Published May 6, 20266 min

Direct answer (verified May 6, 2026)

How do I work around Claude's weekly cap?

Five moves, in order, that fit inside one rolling 7-day window:

Triage the turn. Scaffolding and edits go to Haiku, reasoning to Sonnet, Opus only on the hard turns.
Cluster the work. Stack heavy Sonnet turns inside a single 5-hour session instead of drip-feeding them across days.
OAuth the builder. Connect Pro or Max so a build session bills your existing plan, not a metered key.
Read the reset epoch. rateLimitType: "weekly" plus aresetsAt UNIX milliseconds field arrives in the streaming response. Convert to local time. That is the exact minute the cap unlocks.
Extra usage last. Only buy API overage when a deadline is real. Otherwise wait the rolling window out.

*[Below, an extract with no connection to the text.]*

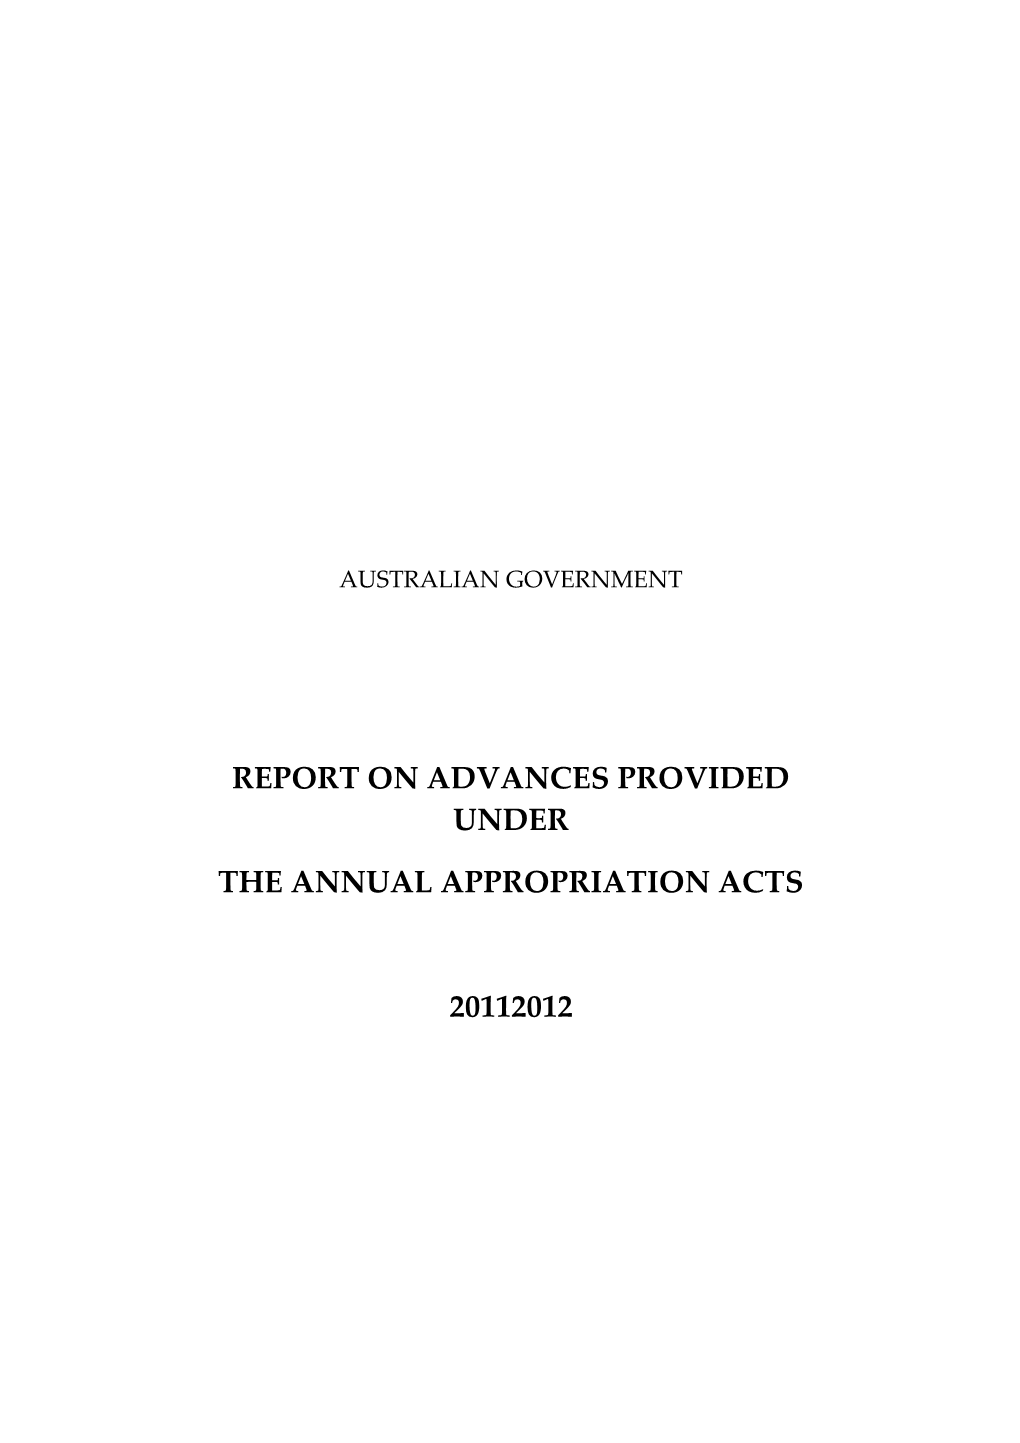 Report on Advances Provided Under the Annual Appropriation Acts 2011-2012

Sources: Claude API rate-limits docs, TechCrunch coverage of the July 28, 2025 announcement, and the published Pro and Max plan pages on claude.com/pricing.

The 5-step weekly-cap workflow

1
Triage the turn
Scaffolding and edits go to Haiku. Reasoning goes to Sonnet. Opus only on hard turns.
2
Cluster the work
Stack heavy Sonnet turns inside one 5-hour session. Stop drip-feeding across days.
3
OAuth the builder
Connect Pro or Max. The build session bills your existing plan, not a metered key.
4
Read the reset epoch
rateLimitType + resetsAt UNIX in the stream. The exact minute the cap unlocks.
5
Extra usage, last
Only buy API overage when a deadline is real. Otherwise wait the cap out.

Step 1: triage the turn before you send it

The single biggest lever on the weekly cap is which model handles which turn. Anthropic's published weekly ranges are stated in Sonnet hours and Opus hours. Haiku turns burn far less of that allowance for the same scaffolding work. A typical session is 60 to 80 percent turns that do not need Sonnet at all: rename a file, regenerate boilerplate, fix a small bug, write copy, edit a CSS class. Send those to Haiku.

mk0r exposes this directly. The model picker in src/components/header.tsx labels the available models default as “Fast”, haikuas “Scary” (because it is the only model an anonymous visitor can run, and it ships sub-30-second builds), sonnet[1m]as “Fast+”, and opus[1m]as “Smart”. A heavy user on a Pro plan who keeps the picker on Haiku for the routine turns and only flips up to Sonnet or Opus when a turn actually needs more brain trades a small amount of intelligence per turn for a meaningful expansion of the weekly window.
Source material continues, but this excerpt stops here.